● **GIVEN DATA**:
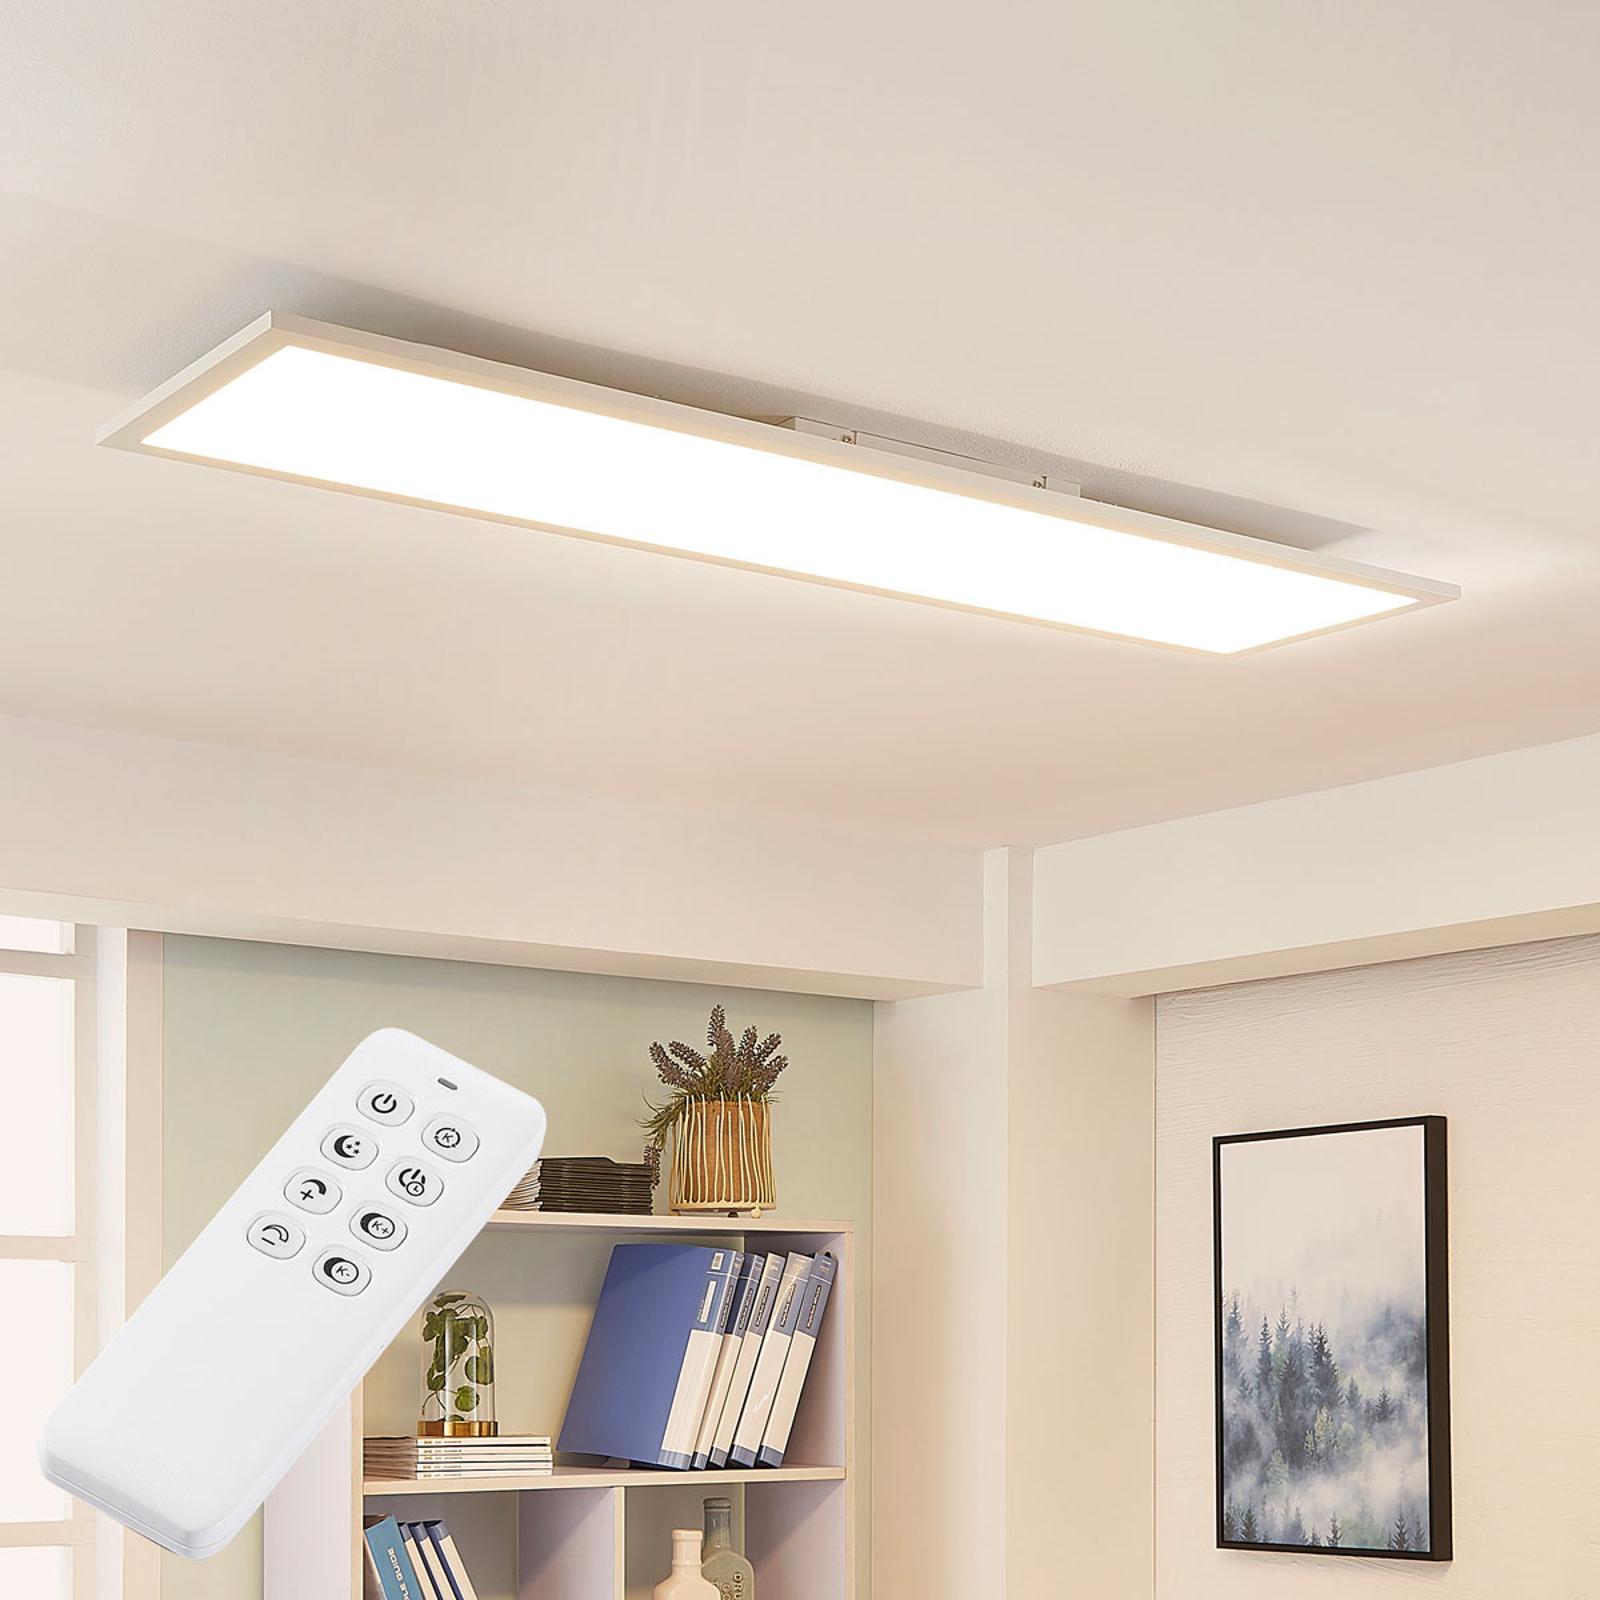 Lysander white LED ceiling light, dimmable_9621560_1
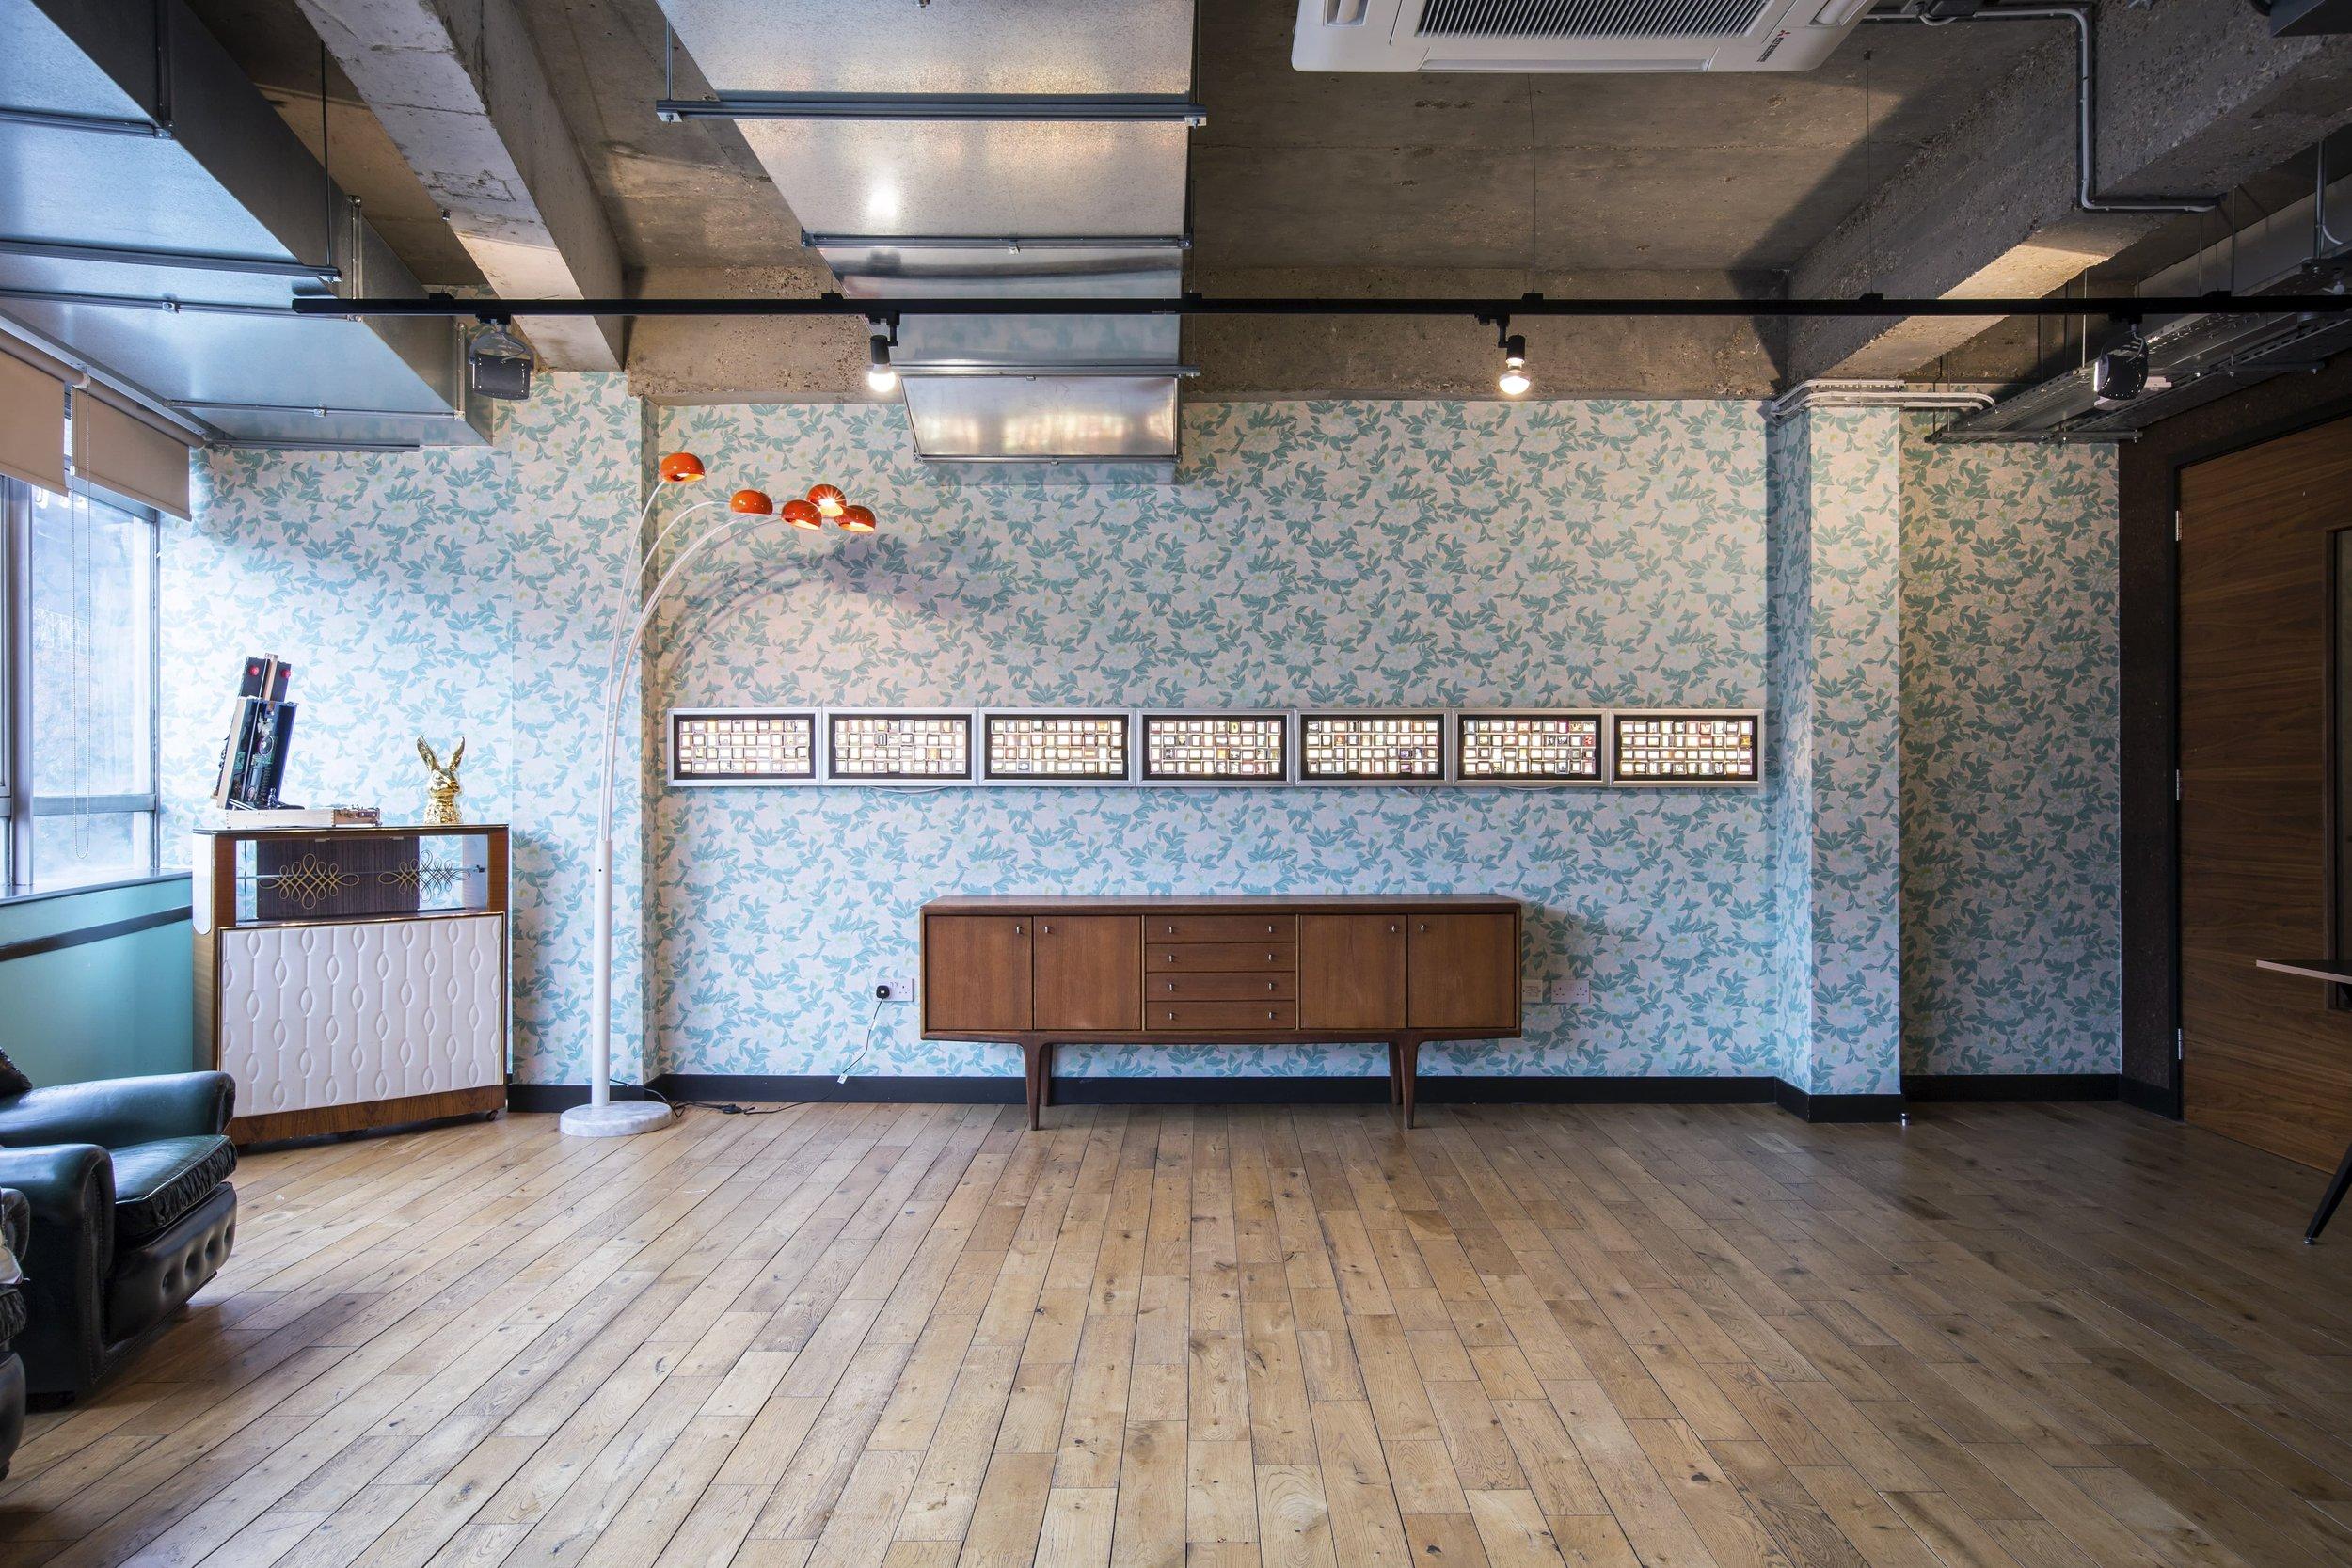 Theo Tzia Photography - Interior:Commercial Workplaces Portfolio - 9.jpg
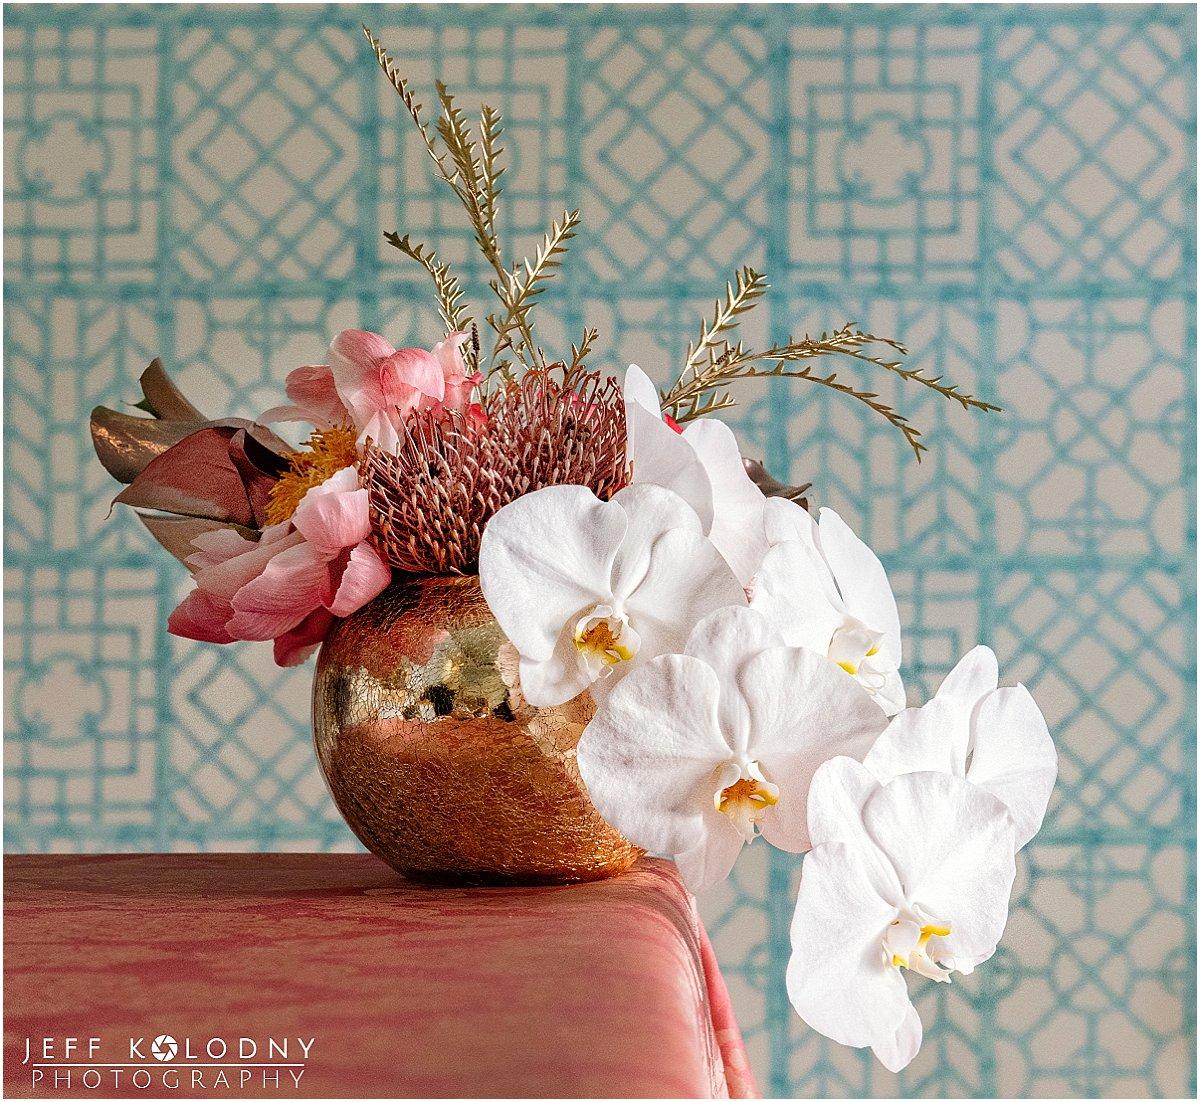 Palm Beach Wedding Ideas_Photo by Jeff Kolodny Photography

● **WHAT YOU SHOULD DO**: Reproduce the material exactly; keep pictures out.

● **TASK SOLUTION**:
 Lysander white LED ceiling light, dimmable_9621560_1
 Theo Tzia Photography - Interior:Commercial Workplaces Portfolio - 9.jpg
 Palm Beach Wedding Ideas_Photo by Jeff Kolodny Photography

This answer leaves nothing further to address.